In 1947, Castro enlisted to join the Cayo Confites, a paramilitary organization dedicated to toppling Rafael Trujillo. Castro's actions would later serve as one of the reasons why Trujillo broke off relations with Cuba in 1958. After Trujillo was deposed, Relations steadily warmed through various sport and cultural exchanges. In the 1980s, informal communications began between representatives of both governments to discuss the possibility of re-establishing relations. In 1998, both countries agreed to re-open their consulates. Fidel Castro attended the opening of the Cuban Consulate in Santo Domingo. The United States at the time, strongly disapproved of the re-opening of diplomatic relations and several protests occurred in the US in favor of opening relations and removing sanctions against Cuba. In 1999, Castro visited Dominican Republic again to inaugurate the polytechnic Maximo Gomez that was donated by Havana.
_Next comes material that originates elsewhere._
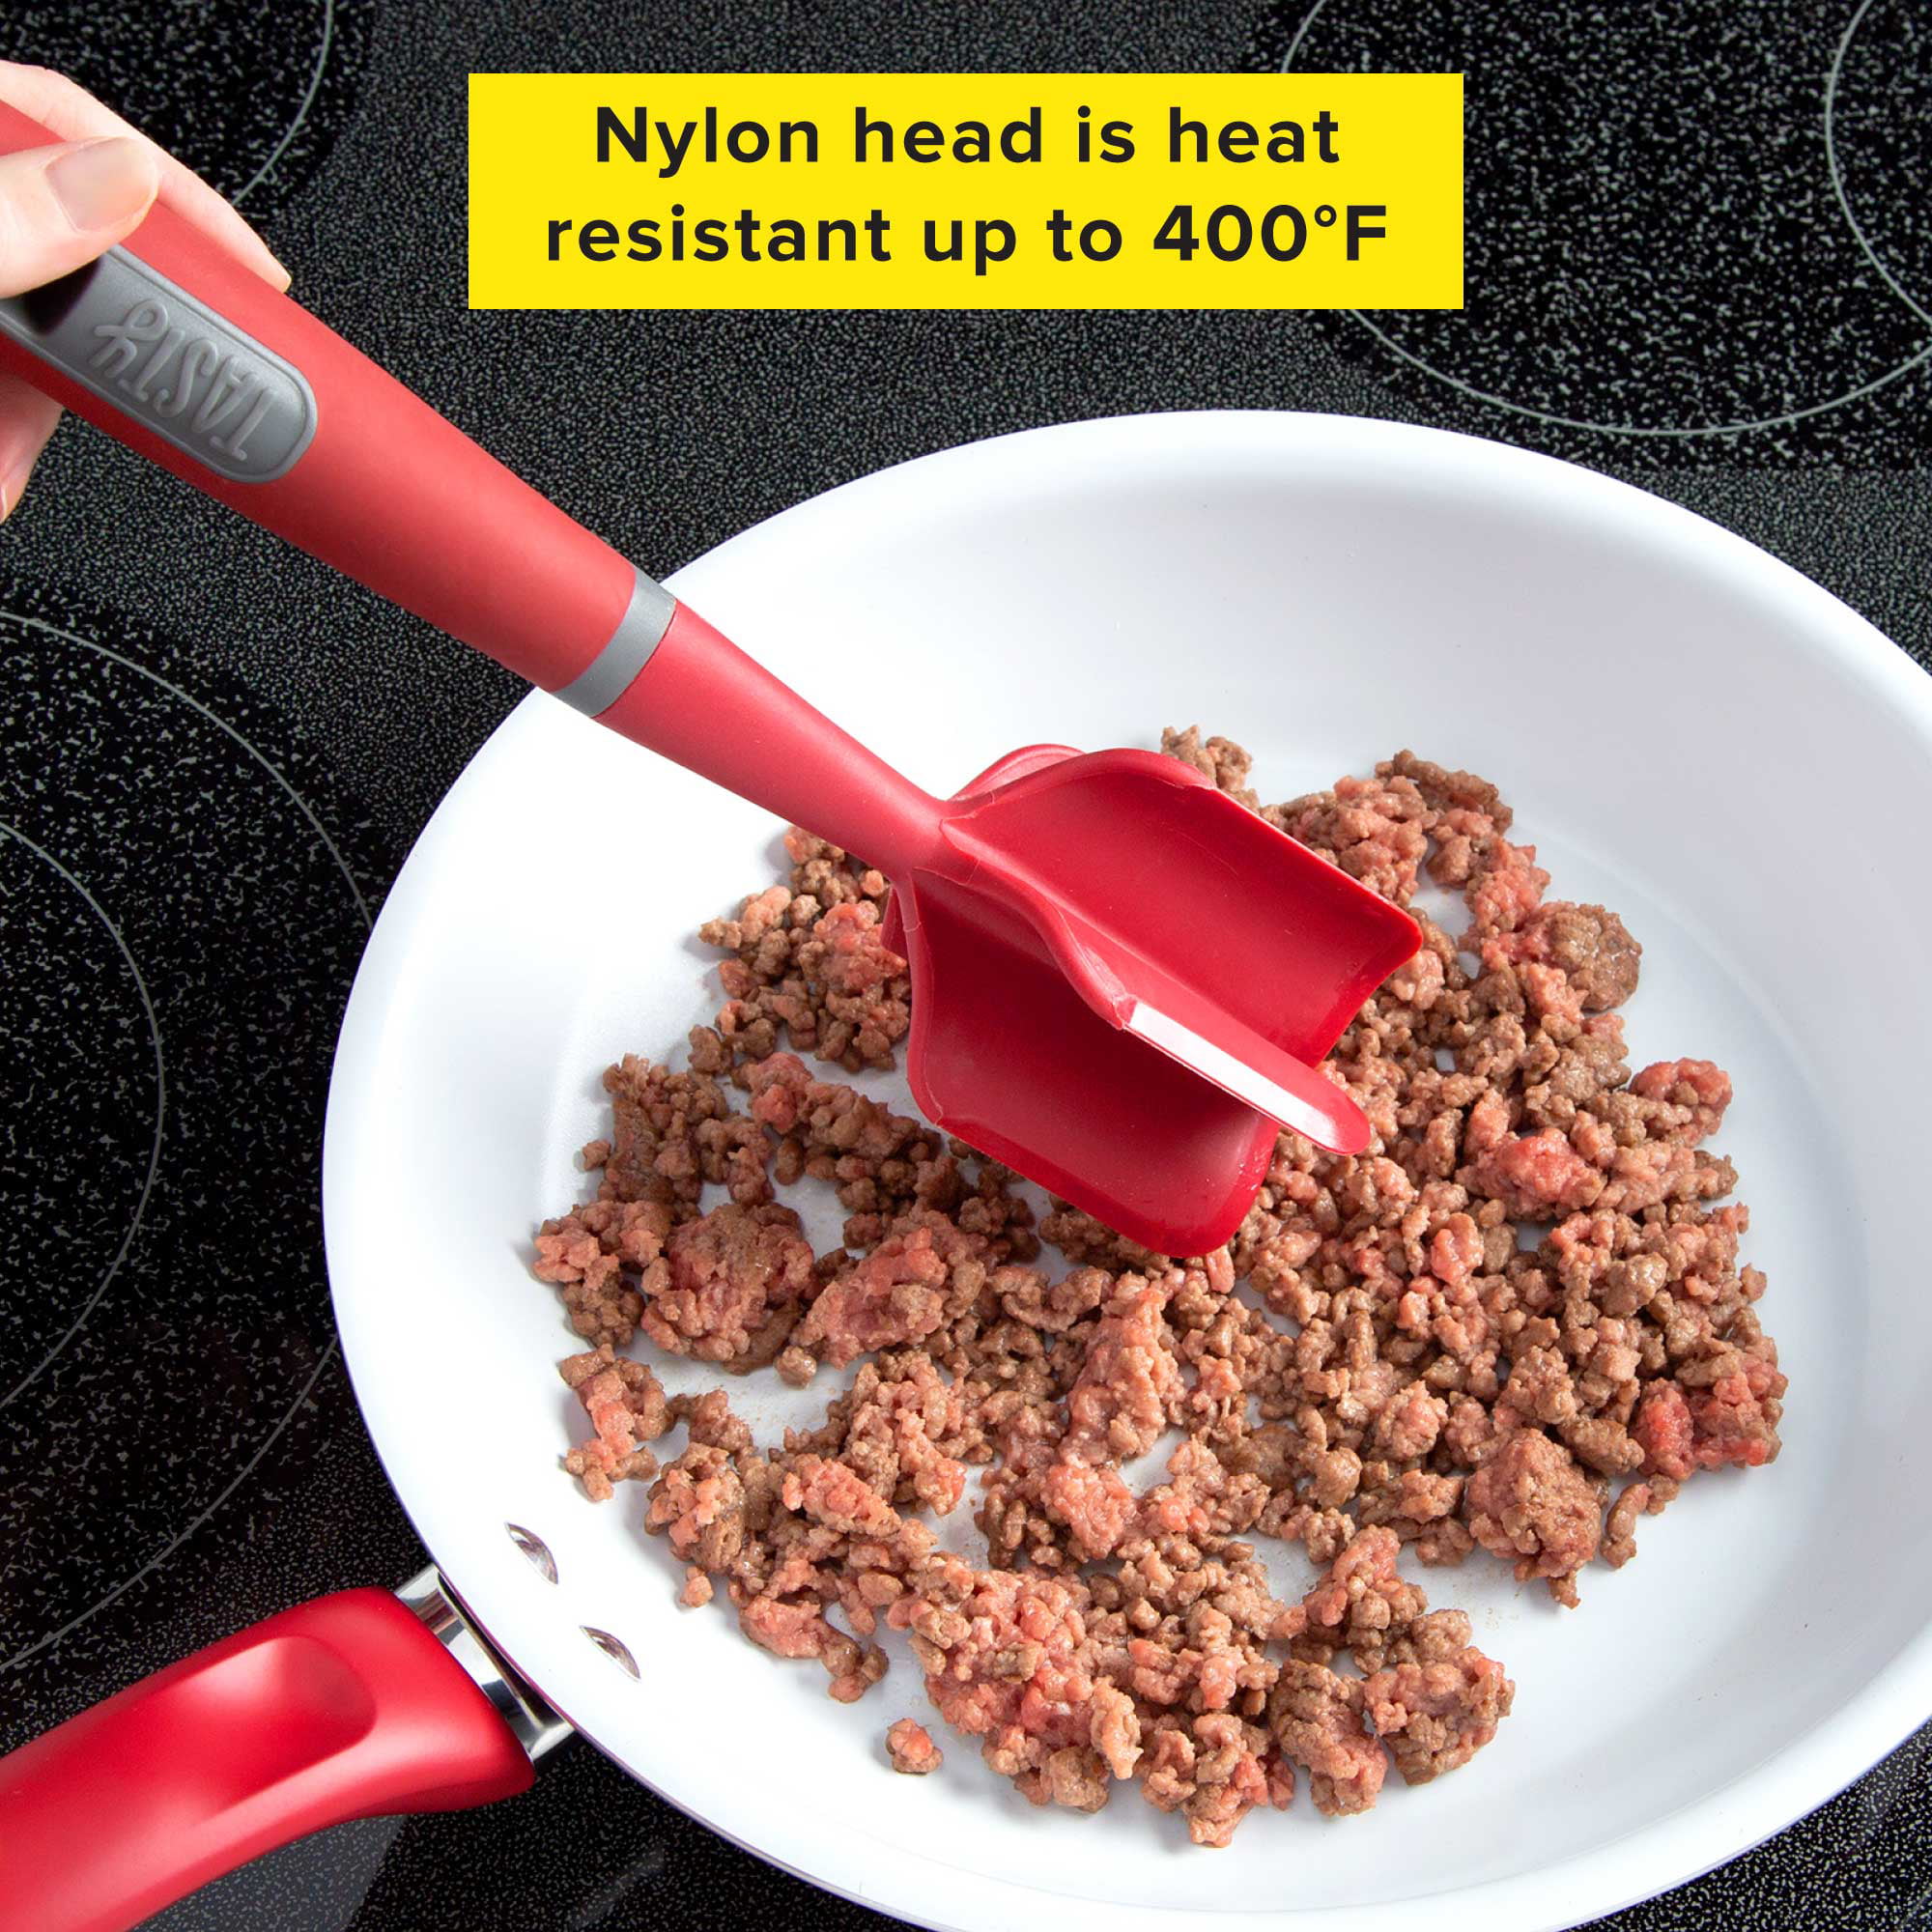 Kitchen Meat Chopper Ground Beef Masher Utensil Heat Resistant Non-Stick -  Coupon Codes, Promo Codes, Daily Deals, Save Money Today

On 13 August 2026, the Dominican Republic ordered the expulsion of 9 Cuban diplomats and their families without giving a reason. Cuba strongly condemned the decision and called it an act of submission to the US policies regarding Cuba in light of the ongoing energy and financial blockade.

==Trade==
In 2015, The Dominican Republic exported US$61m worth of goods while importing US$38m. The Dominican Republic's exports to Cuba grew by 70% between 2010 and 2015, while Cuban exports grew by 38% over the same period.

In 2018, Cuba and the Dominican Republic formalized a trade deal to reduce tariffs for products being shipped between them. In addition, the trade deal includes reducing trade barriers and creating a set standard for certain regulations in trade to allow easier trade. The agreement was signed in Santo Domingo by Dominican Foreign Minister Miguel Vargas Maldonado and Cuban Foreign Trade Minister Rodrigo Malmierca.